Writer's picture: Steven CrumbSteven Crumb

After having been in place since the '60s, you'd think that Medicare was perfected by now and wouldn't always be changing! Well, think again! The program goes through substantial changes every year. I will be detailing important changes for 2023 in the following series of blogs. First up Insulin!


Medicare has gone to great lengths to make Insulin more affordable and accessible to those in need. The following is the full CMS answers to questions on Insulin accessibility for 2023:


1. Is all insulin covered at $35, or just certain ones?

Under a Medicare Part D prescription drug plan, if an insulin is a covered insulin product, the $35 cap for a month’s supply for each insulin product applies, as of January 1, 2023. A covered insulin product is one that is included on a Part D sponsor’s formulary. This includes any new insulin products that become available during the plan year. An insulin product might also be considered covered in other instances. In addition, under Medicare Part B, if insulin is delivered through a traditional pump that is covered under the durable medical equipment benefit, the cost-sharing amount for a person with Medicare is capped at $35 for a month’s supply of insulin beginning July 1, 2023.

2. Does the $35 cap apply across all phases of prescription drug coverage (including the coverage gap)? Yes, and the deductible doesn’t apply to these covered insulin products.
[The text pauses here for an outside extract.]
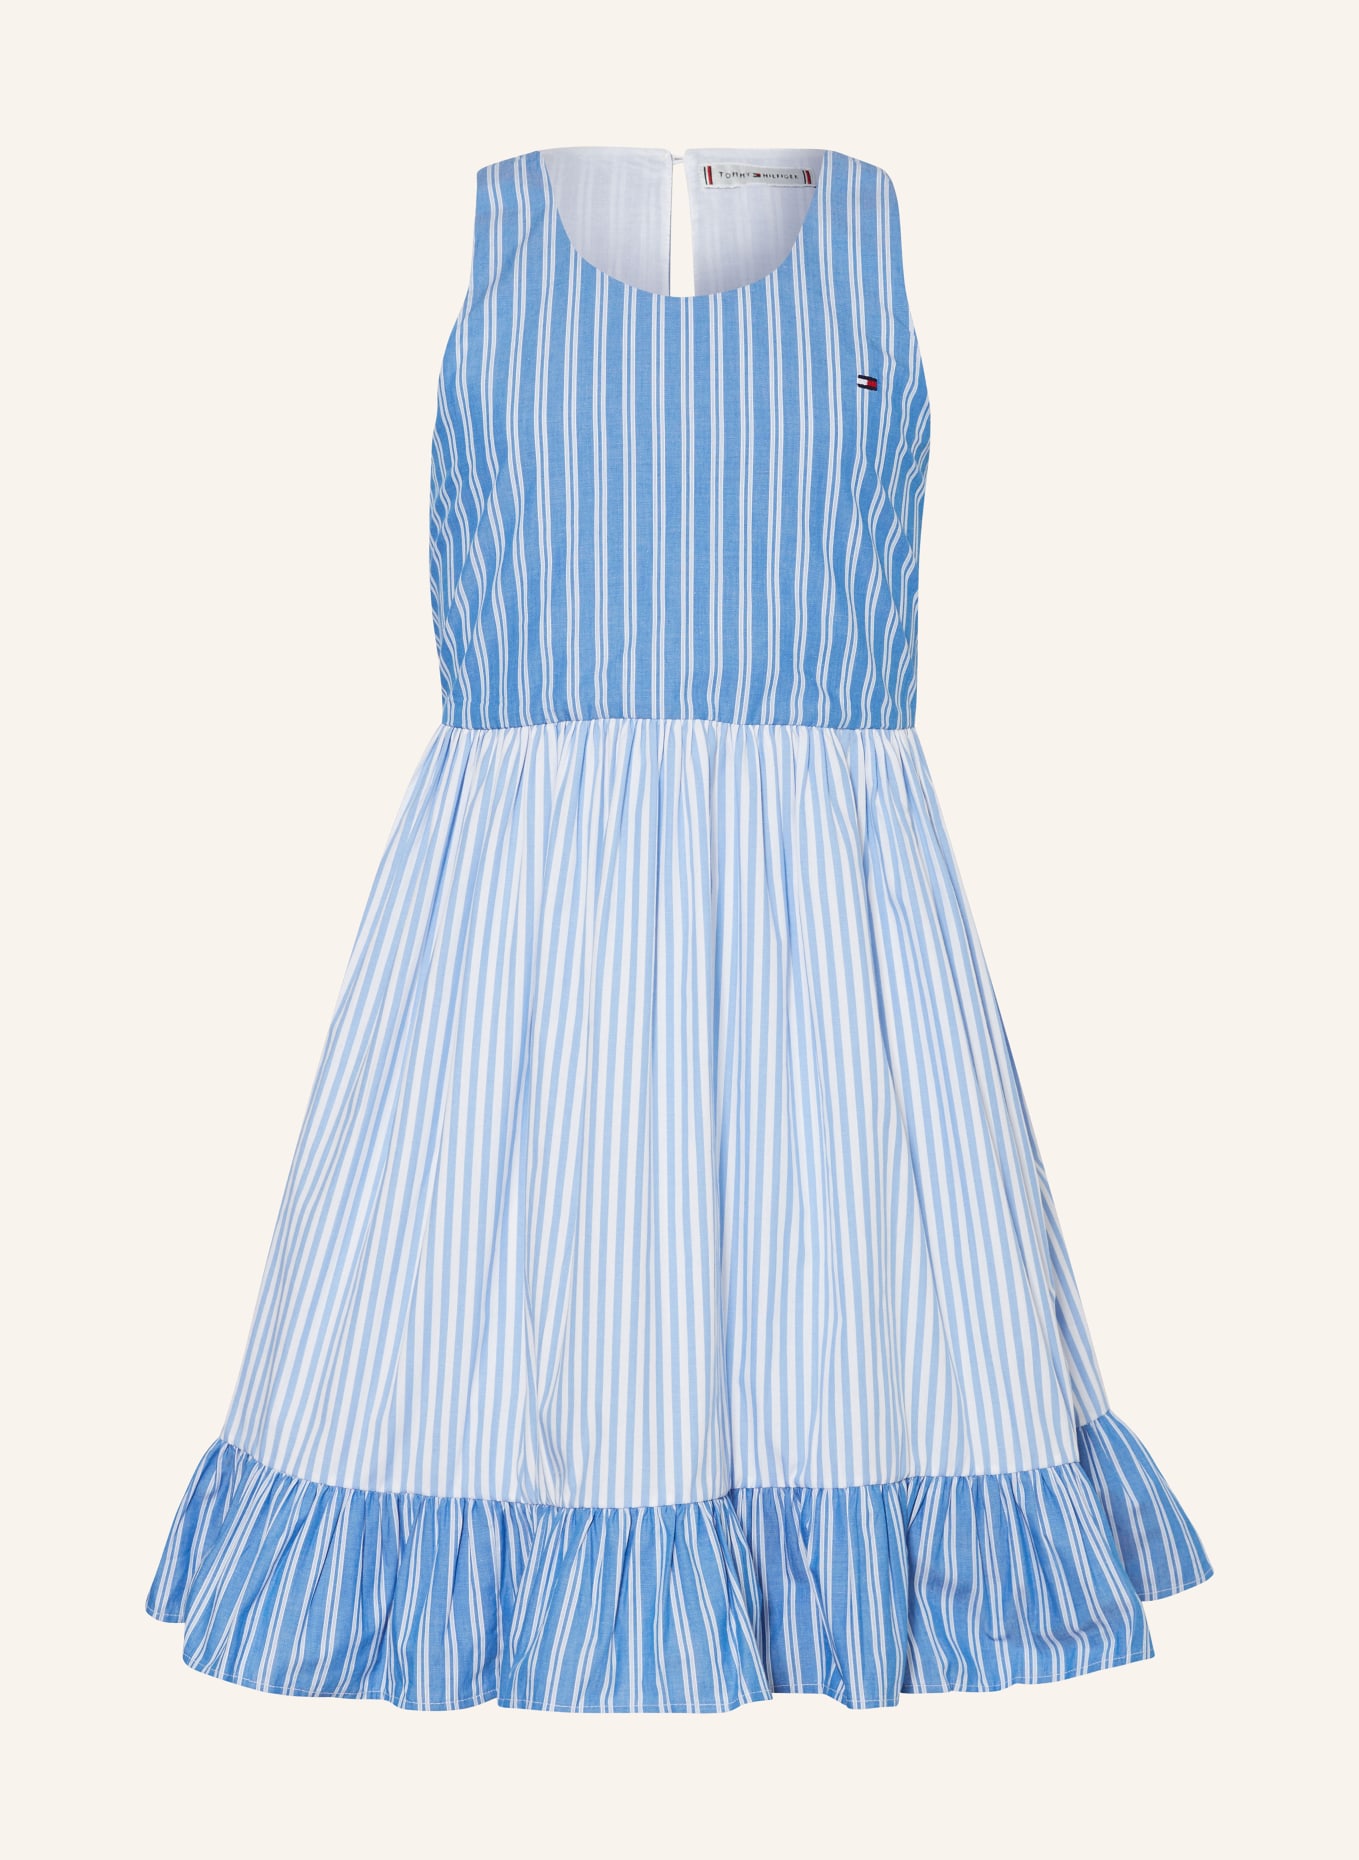 TOMMY HILFIGER Kleid, Farbe: BLAU/ WEISS (Bild 1)

3. Does the $35 cap on covered insulin products apply to everyone, even those with Partial Extra Help? Yes, the $35 cap applies to all people with prescription drug coverage under Medicare Part D, including those with Partial Extra Help, as of January 1, 2023. People with Full Extra Help already have lower cost sharing for insulin, and will continue to pay the lower amounts. In addition, beginning July 1, 2023, the $35 cap on cost sharing for a month’s supply of insulin applies to people with Medicare Part B that use insulin provided through a traditional pump that is covered under the durable medical equipment benefit.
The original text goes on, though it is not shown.